[Stored data]
Content starts
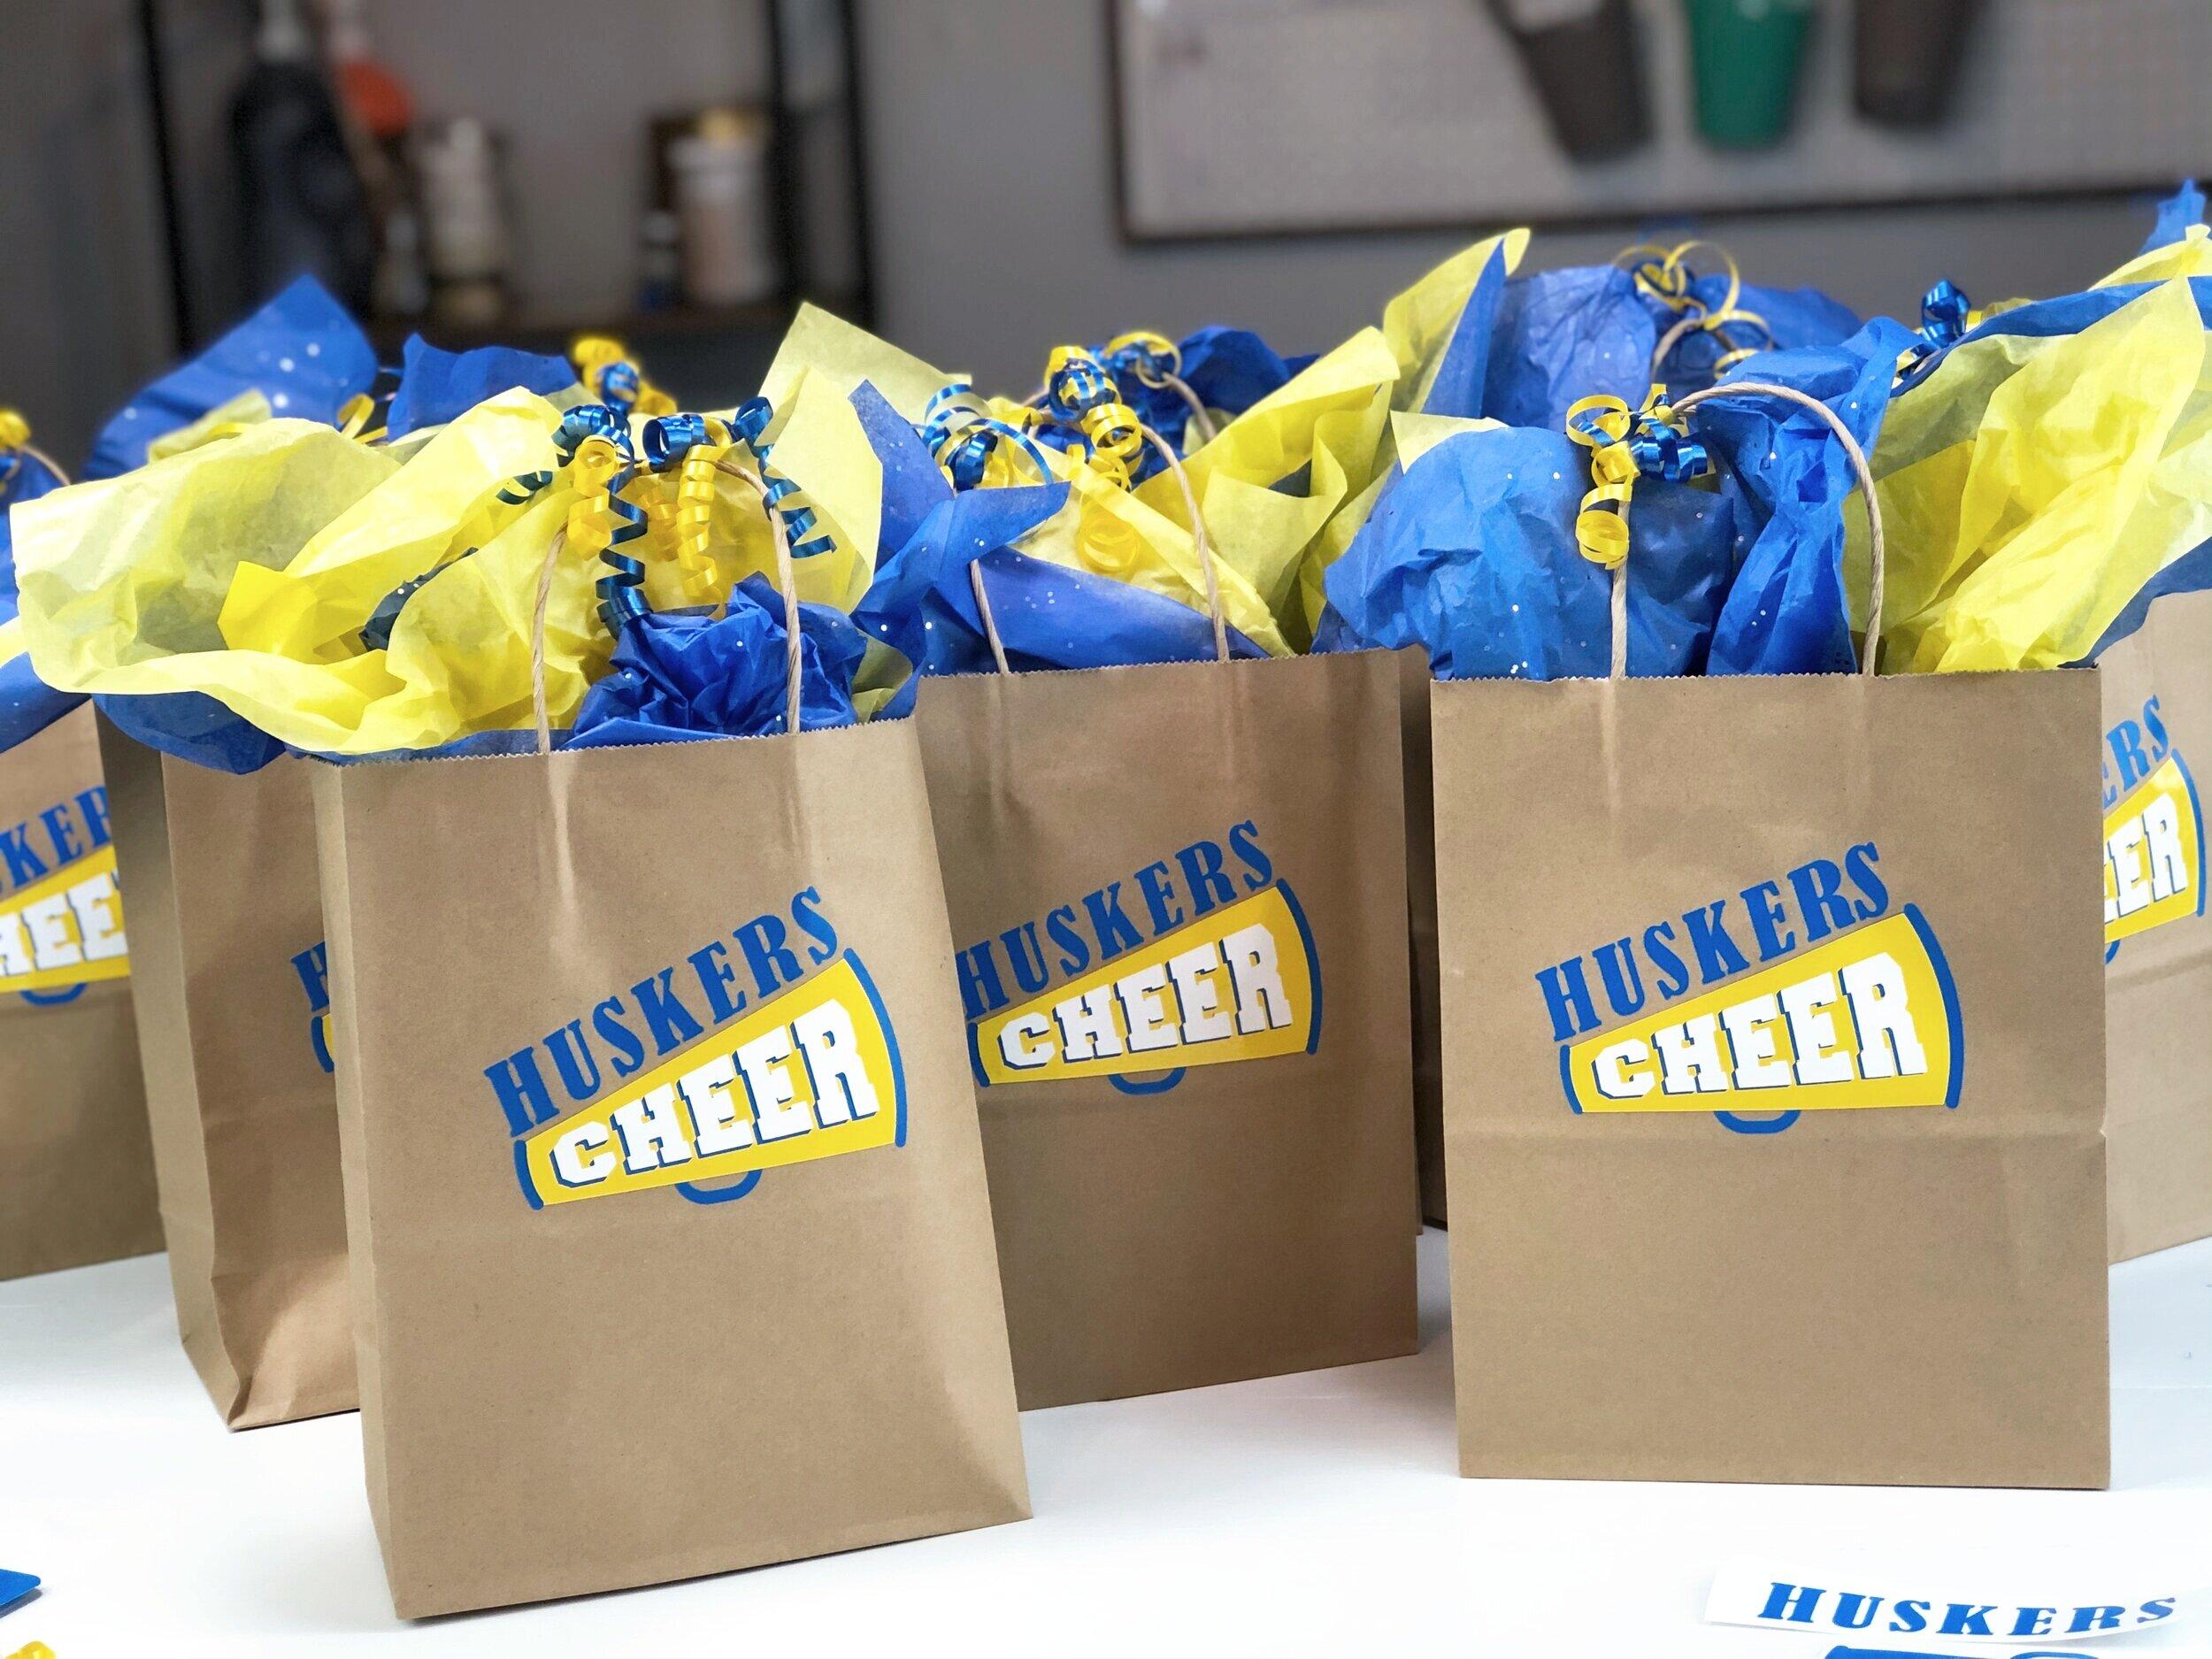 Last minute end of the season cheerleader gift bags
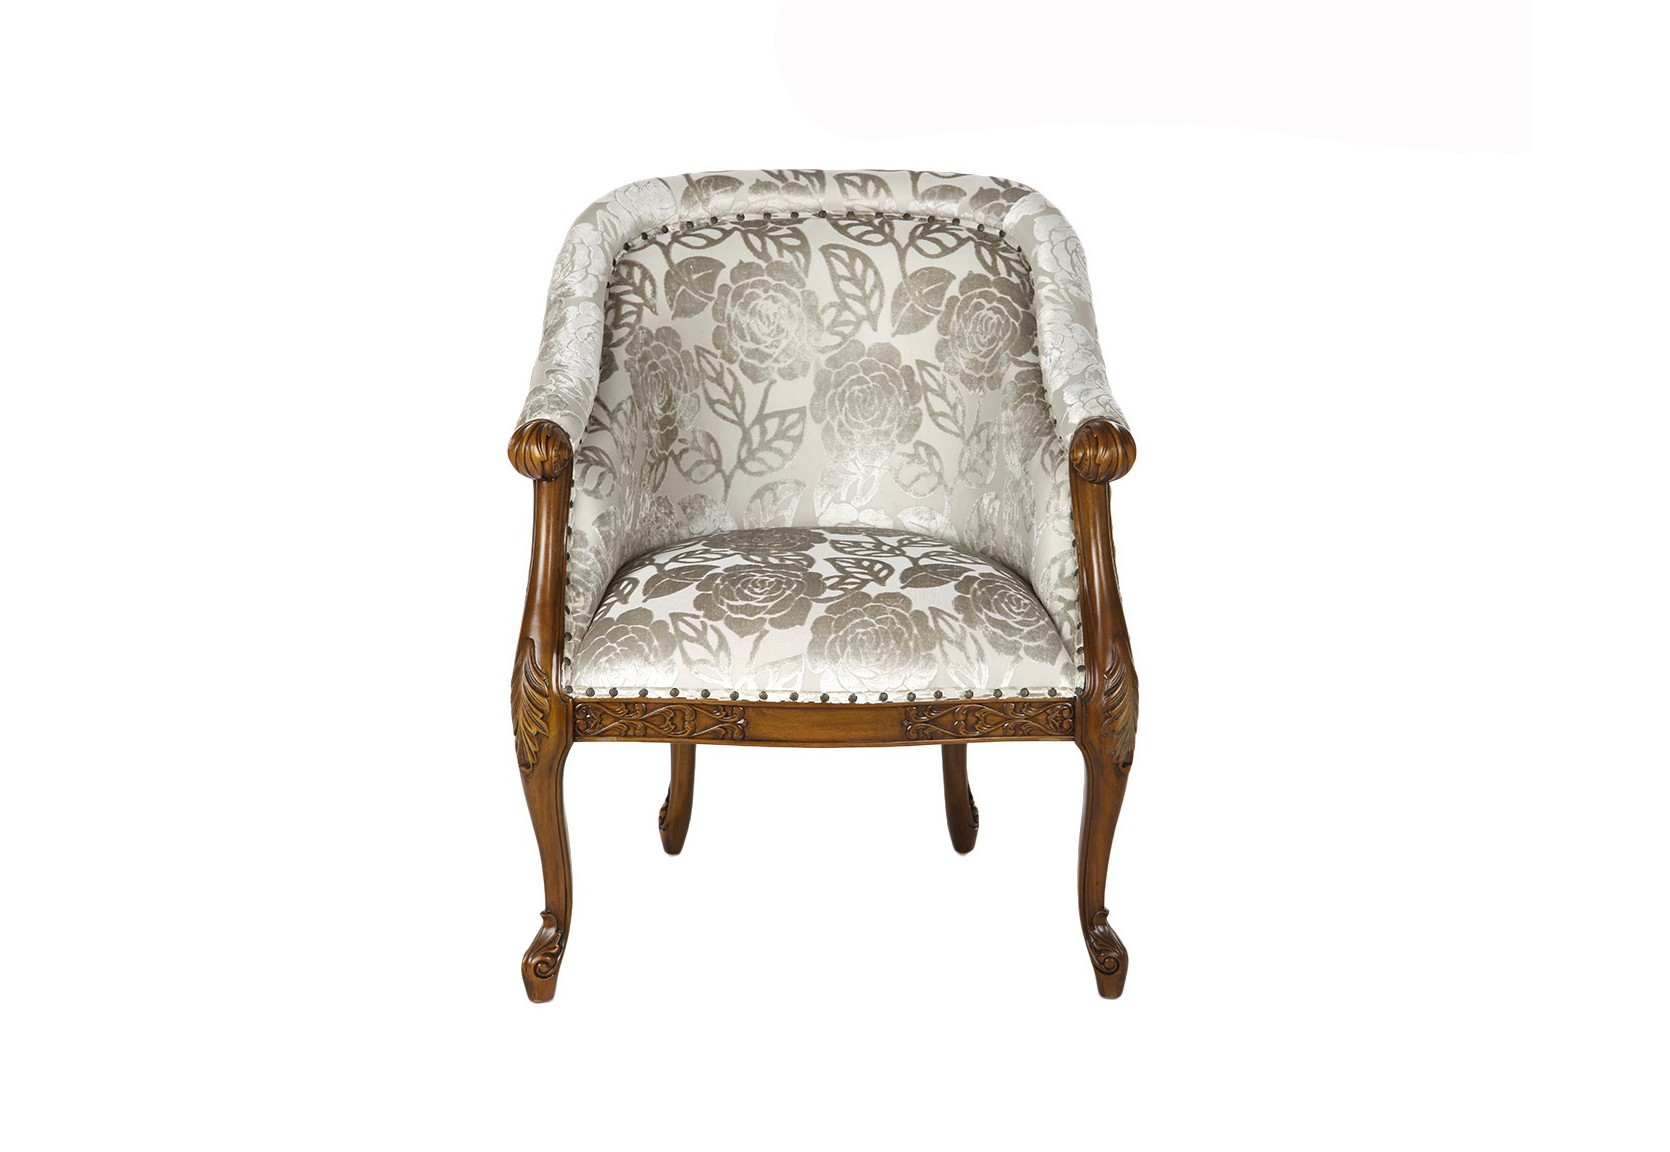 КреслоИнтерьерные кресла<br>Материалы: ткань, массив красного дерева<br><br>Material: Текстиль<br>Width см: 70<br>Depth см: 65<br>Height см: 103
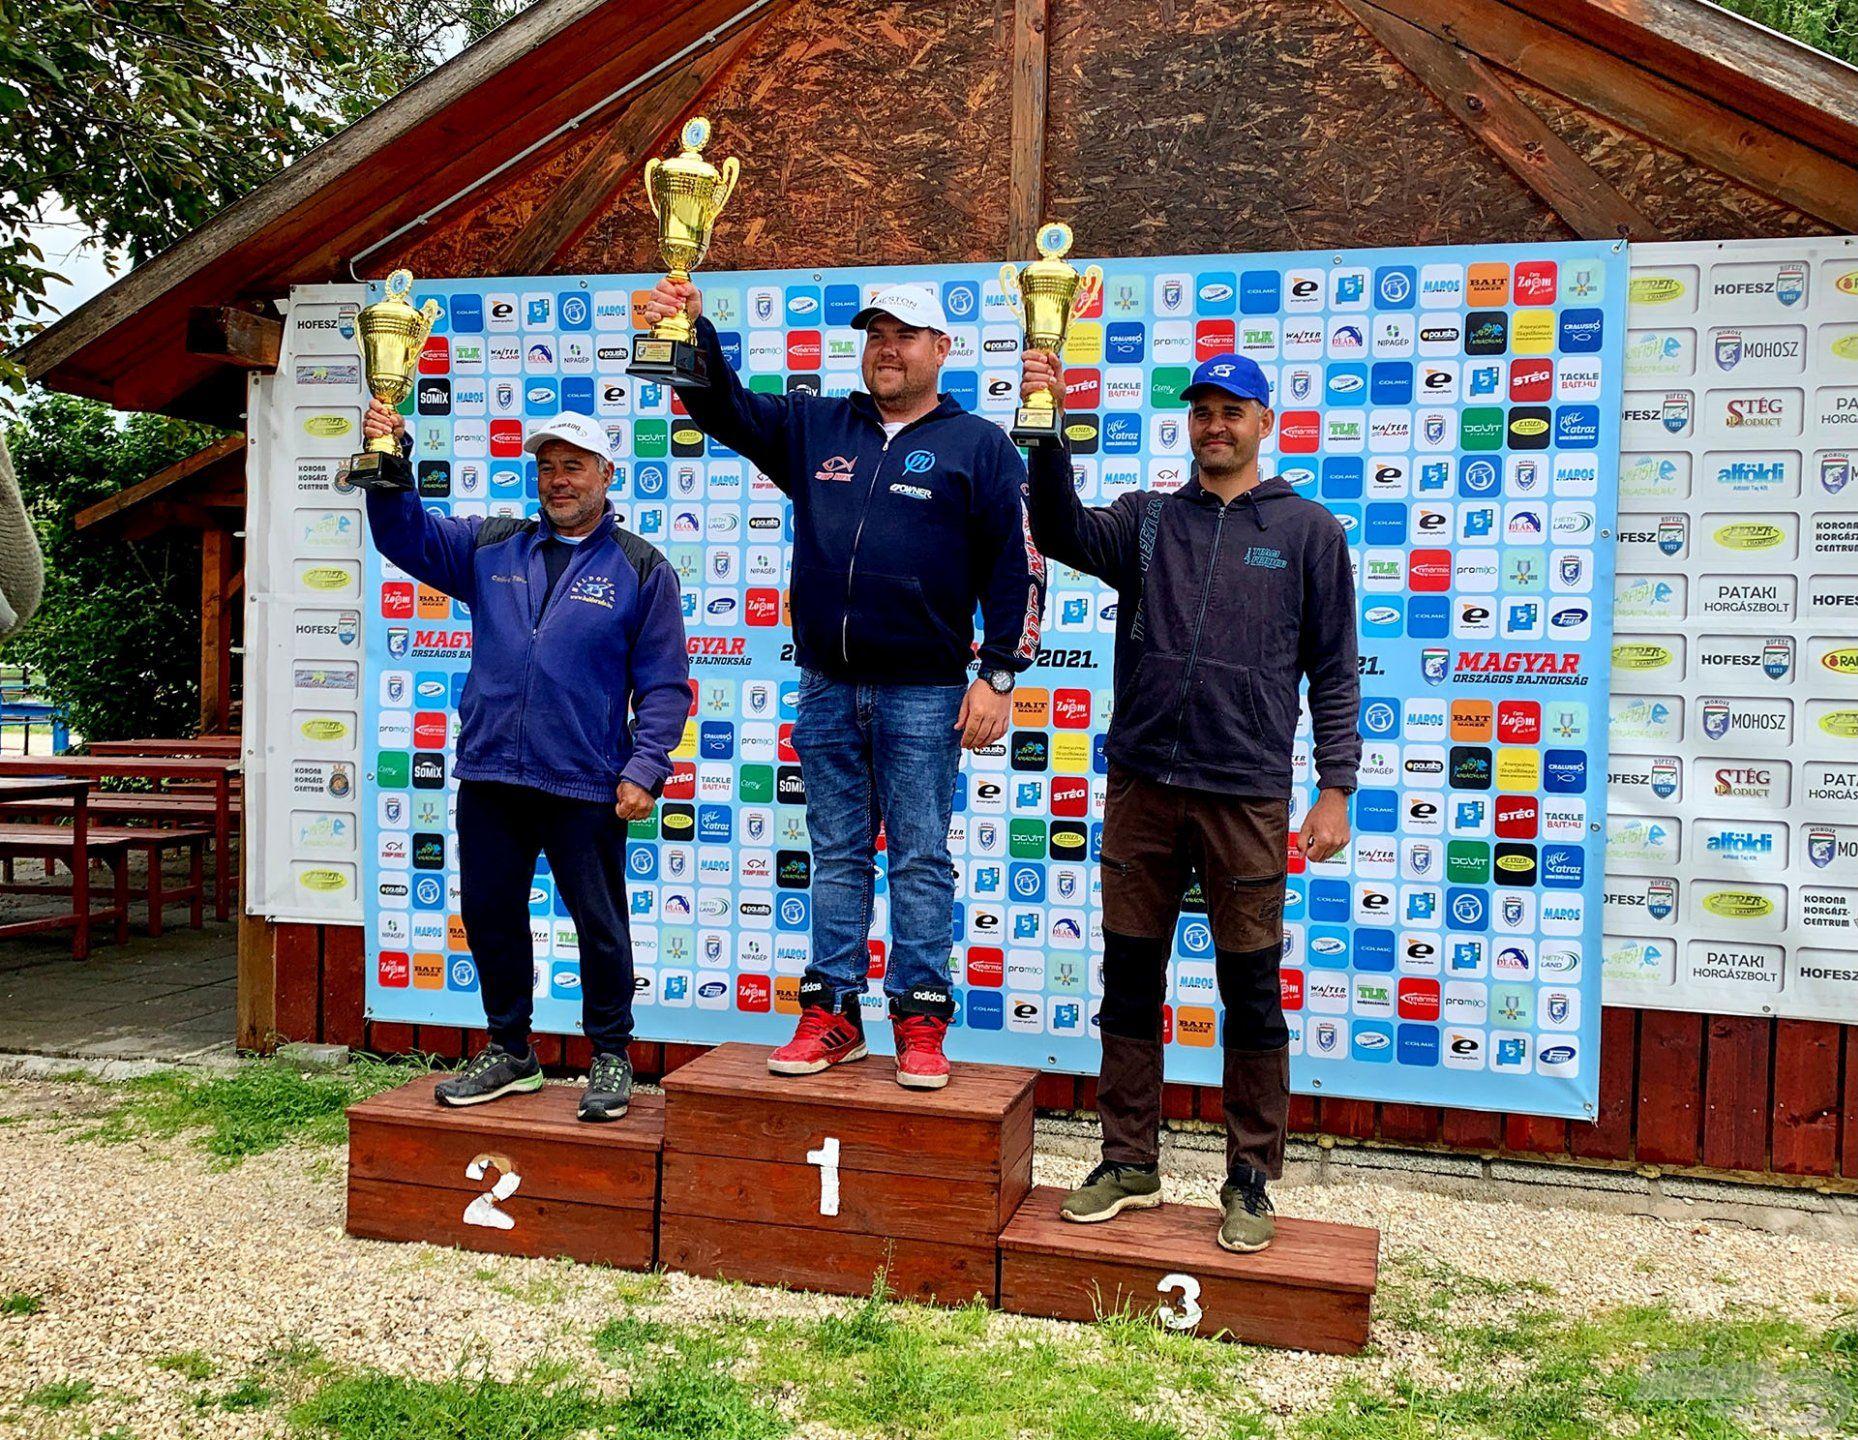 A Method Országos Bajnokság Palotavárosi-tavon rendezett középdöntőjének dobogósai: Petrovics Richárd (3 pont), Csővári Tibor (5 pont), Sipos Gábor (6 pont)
Content ends
With pictures excluded, the material is to be written out exactly as given.

[Reply]
 Last minute end of the season cheerleader gift bags
 КреслоИнтерьерные кресла<br>Материалы: ткань, массив красного дерева<br><br>Material: Текстиль<br>Width см: 70<br>Depth см: 65<br>Height см: 103
 A Method Országos Bajnokság Palotavárosi-tavon rendezett középdöntőjének dobogósai: Petrovics Richárd (3 pont), Csővári Tibor (5 pont), Sipos Gábor (6 pont)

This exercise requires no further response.